Apeirogon

Ho impiegato molto tempo a leggere Apeirogon di Colum McCann in lingua originale. Anche per la fatica e la frustrazione di leggerlo in questo periodo, mentre Gaza e la sua popolazione civile veniva bombardata da Israele in risposta alla strage terrorista di Hamas e al rapimento di oltre cento israeliani il 7 settembre 2023.

Apeirogon. Un poligono dai lati infinitamente numerabili.

1001 paragrafi (come i 1001 capitoli delle Mille e una notte) per raccontare le infinite sfaccettature della tragedia dell’occupazione israeliana della Palestina attraverso la storia – vera – di due padri, il palestinese Bassam e l’israeliano Rami, uniti nel dolore e nel tentativo di costruire un percorso di riconciliazione tra i due popoli, raccontando in giro per il mondo la storia di Smadar, saltata in aria a tredici anni per un attentato suicida palestinese in un centro commerciale nel 1997, e di Abir, dieci anni, colpita alla nuca da un proiettile di gomma sparato da un poliziotto di frontiera mentre usciva da un negozio per comprare una caramella a forma di braccialetto.

Bassam e Rami hanno rifiutato di trasformare quel dolore immane in altra violenza, convinti che la vendetta generi solo altro dolore, che la violenza non possa che moltiplicare violenza, in una spirale, iniziata ancora prima della nascita dello Stato di Israele, che deve essere interrotta.

Ma se Israele non metterà fine all’occupazione dei territori palestinesi non ci sarà via d’uscita, sostengono Bassam e Rami: ci saranno altre Smadar, altre Abir, altre morti, vendette, rappresaglie, altre guerre, il disconoscimento dell’umanità dell’altro, la spirale dell’odio e della violenza avvitata inesorabilmente, senza fine.

Bassam spiega come l’occupazione condizioni ogni momento della vita: ti priva di ogni prospettiva, non puoi camminare, guidare, andare al mercato, alla spiaggia, senza essere fermato, t’impedisce pure di raccogliere un’oliva dal tuo albero perché è dall’altra parte del filo spinato. Non puoi nemmeno guardare il cielo. “They own the air above and the ground below.” Hai bisogno di un permesso per seminare la tua terra. A sette anni puoi essere prelevato da casa tua e interrogato. Provate a immaginare, proviamo a immaginare.

“I know that it will not be over until we talk each other,” dice Rami, che con sua moglie ritengono Netanyahu il vero responsabile della morte di Smadar.
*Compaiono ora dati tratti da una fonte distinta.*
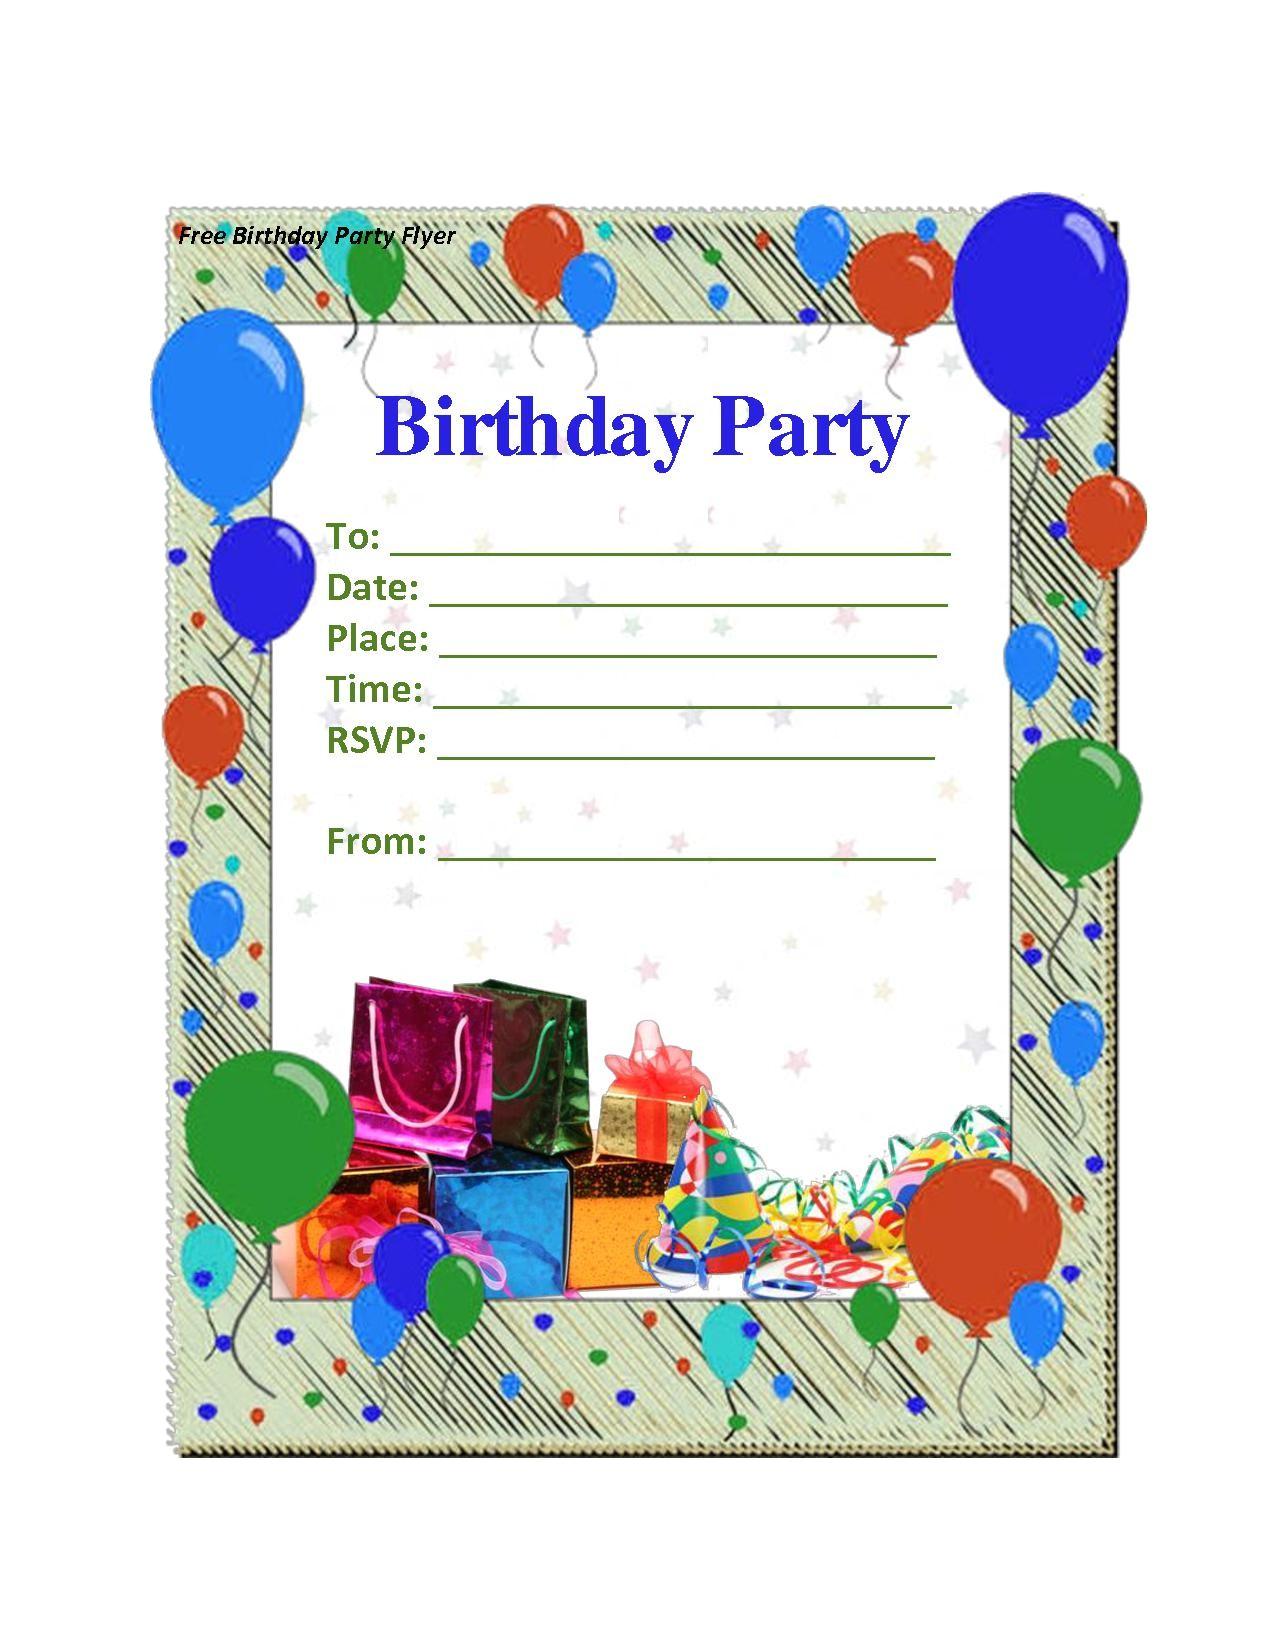 Party theme Invitation Templates Free Birthday Party Invitation Templates

Netanyahu, i coloni, l’occupazione, i muri. Vendette, rappresaglie, terrore.

Non finirà finché non ci parleremo. Non ci riconosceremo nell’unica strada possibile per vivere in pace.

Finché non verranno abbattuti i muri e spezzata la spirale catastrofica che oggi, ancora più di ieri, conferma la necessità di quella strada.